Cristina Criddle in San Francisco and Melissa Heikkilä in London
 
Stay informed with free updates
Simply sign up to the Artificial intelligence myFT Digest -- delivered directly to your inbox.
Artificial intelligence is poised to outperform humans in writing code as leading groups, including OpenAI, Anthropic and Google, race to release systems that are reshaping the software industry.
San Francisco-based OpenAI released a suite of new models this week that independent benchmarks suggest are among the best yet for computer programming.
Its new GPT-4.1, o3, and o4-mini models are more effective at solving programming problems, the latter two using ‘reasoning’, giving more time to think through complex queries.

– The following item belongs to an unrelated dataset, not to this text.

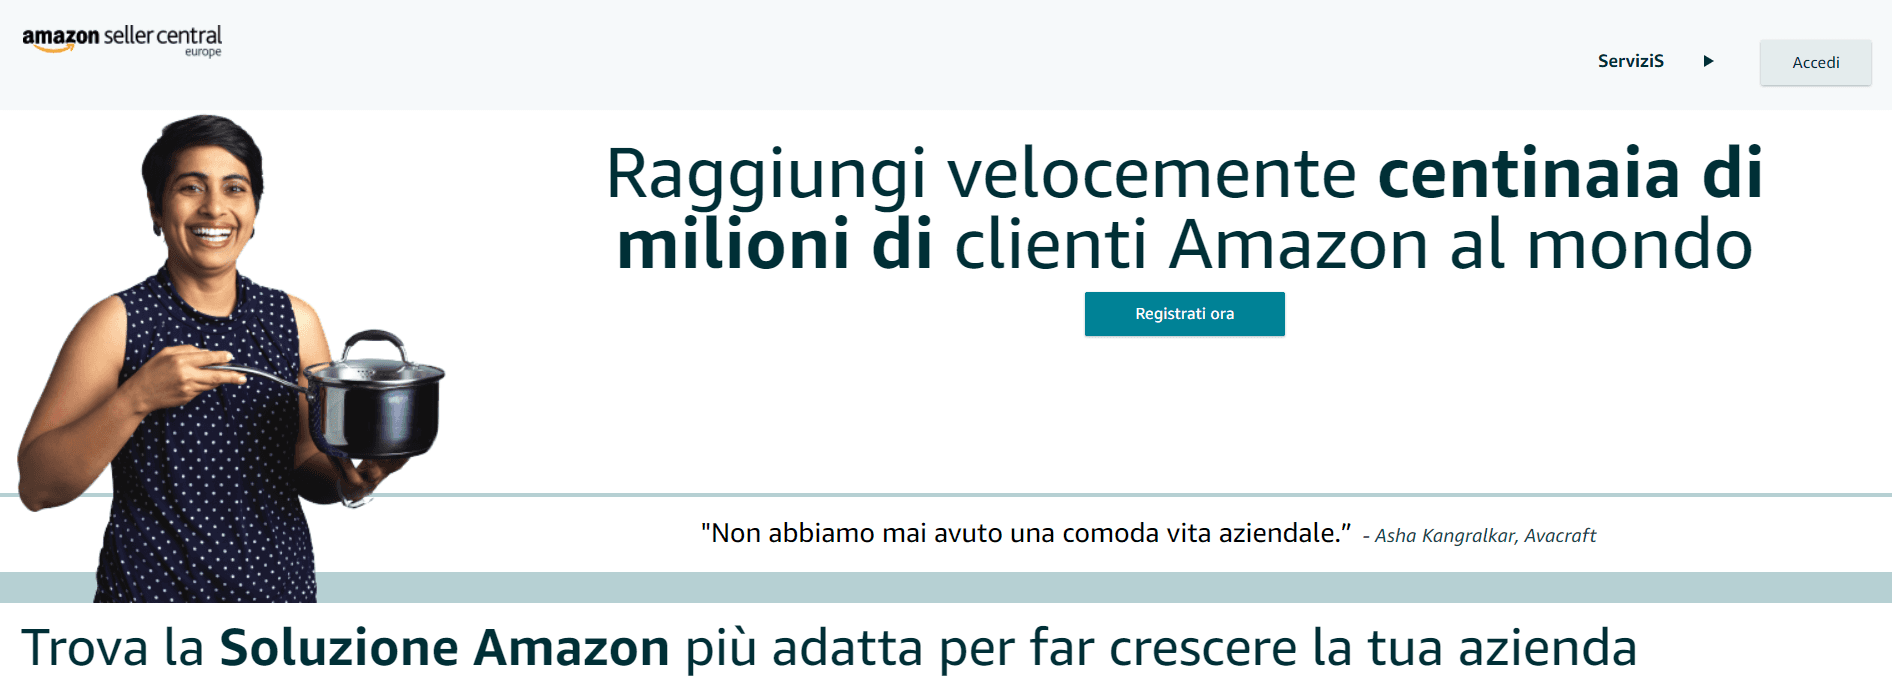 amazon e-commerce 2019 - seller central
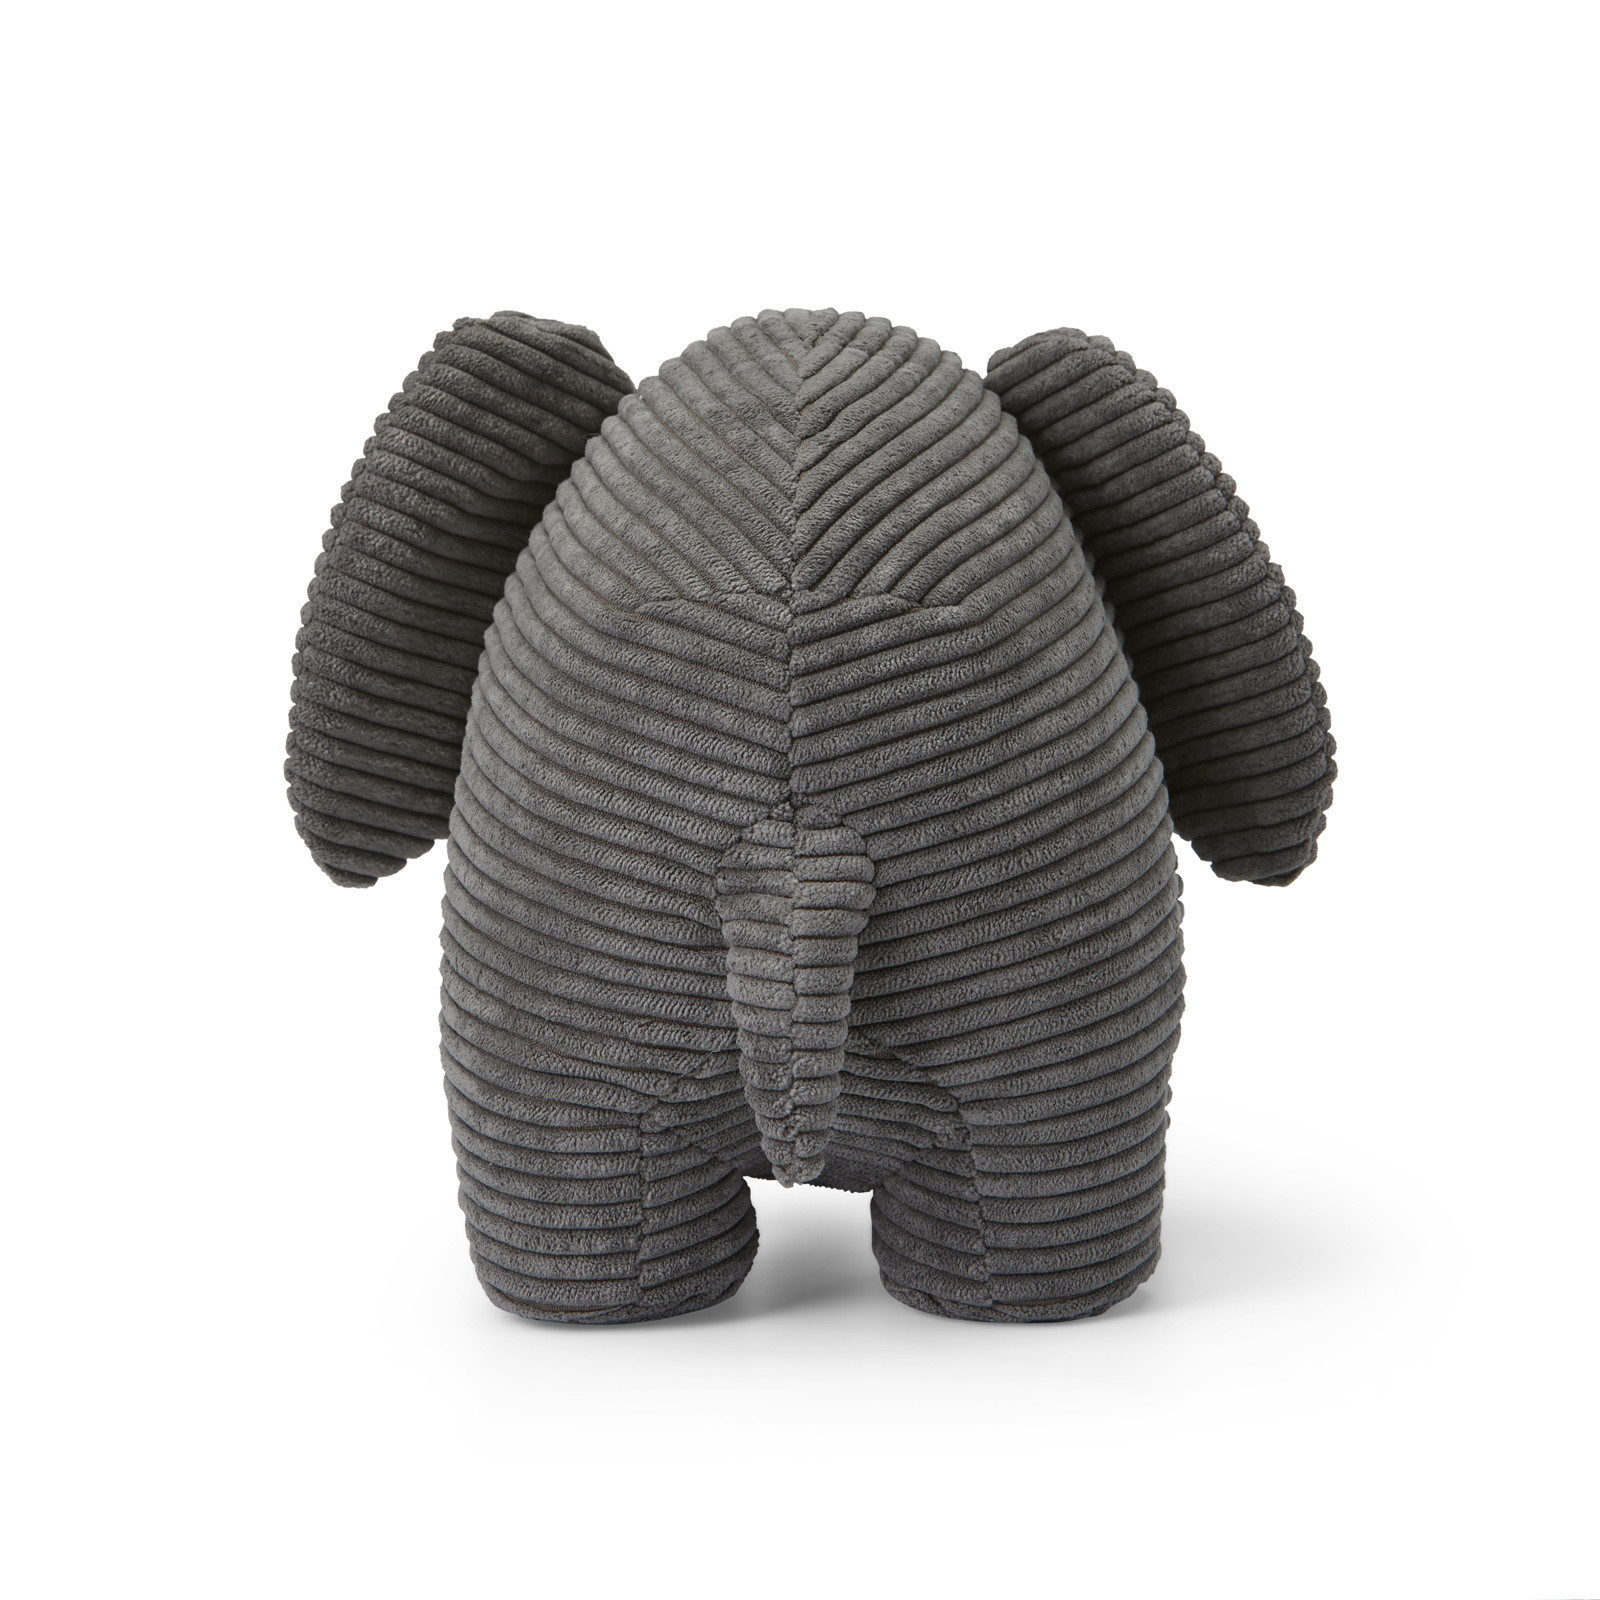 Elephant Corduroy Grey - 33 cm - 13''

OpenAI on Wednesday also announced a freely available system called Codex CLI, a so-called AI “agent” designed to use its models to help users with coding tasks.
These moves match recent efforts from rivals Anthropic, Google, Meta and a host of start-ups, that are betting on coding as one of the clearest early uses for large language models.
The emphasis on programming as the next frontier for AI systems signals one of the most tangible examples of how the technology could transform industries, with thousands of software developers already using new models in their work.
“This is the year . . . that AI becomes better than humans at competitive code forever,” said OpenAI’s chief product officer Kevin Weil on the Overpowered podcast this week. He compared the advances to AI surpassing humans at chess several years ago, but argued this had a more democratising impact “on the world if everybody can create software”.
Leading industry figures say LLMs have sped up the software development process by generating entire blocks of code based on a few text instructions. AI systems can also identify errors and attempt to correct them.
Over the past year, AI models have become far more capable of understanding complex patterns, reasoning over problems presented in programming, and solving them logically.
In 2023, AI systems were only able to solve 4.4 per cent of coding problems based on an industry test called SWE-bench. This figure jumped to 69.1 per cent this year.
Meanwhile, research from Microsoft’s coding platform GitHub found 92 per cent of US-based developers use AI coding tools.
“AI coding is saving thousands of dollars for an engineer,” said Misha Laskin, co-founder and chief executive of coding start-up Reflection AI. “For some of these categories, it is able to do it for you on demand with something you might have paid $10,000 for. We’re entering an unprecedentedly large market.”
Start-ups such as Reflection have attracted strong investor interest, with it raising $130mn to date with funding from Sequoia and Lightspeed. Anysphere, behind coding automation tool Cursor, raised $105mn at a $2.5bn valuation in January.
“We are driving the cost down of what it means to do intelligent work, that means we’re going to have to rethink what some of our roles are,” said Eiso Kant, co-founder of Poolside, a start-up that raised $500mn in October at a $3bn valuation from investors including Bain Capital and Nvidia.
Meta launched a model called Code Llama last year, which uses text prompts to generate and discuss code. Anthropic has its own coding product, Claude Code, which was launched in February.
Mike Krieger, chief product officer at Anthropic, said the software engineer’s role would increasingly involve “understanding the requirements [of users], working as a team, and figuring out that what you built was actually the right thing to build”.
“It is more about advocating for your idea or seeing how those things play out [and becoming] almost like a puppet master or an orchestra conductor of these [AI] agents,” he added.
“I don’t think coding will disappear at all,” said Thomas Wolf, co-founder of Hugging Face, an open source AI platform. “Coders will just use this tool to go faster.”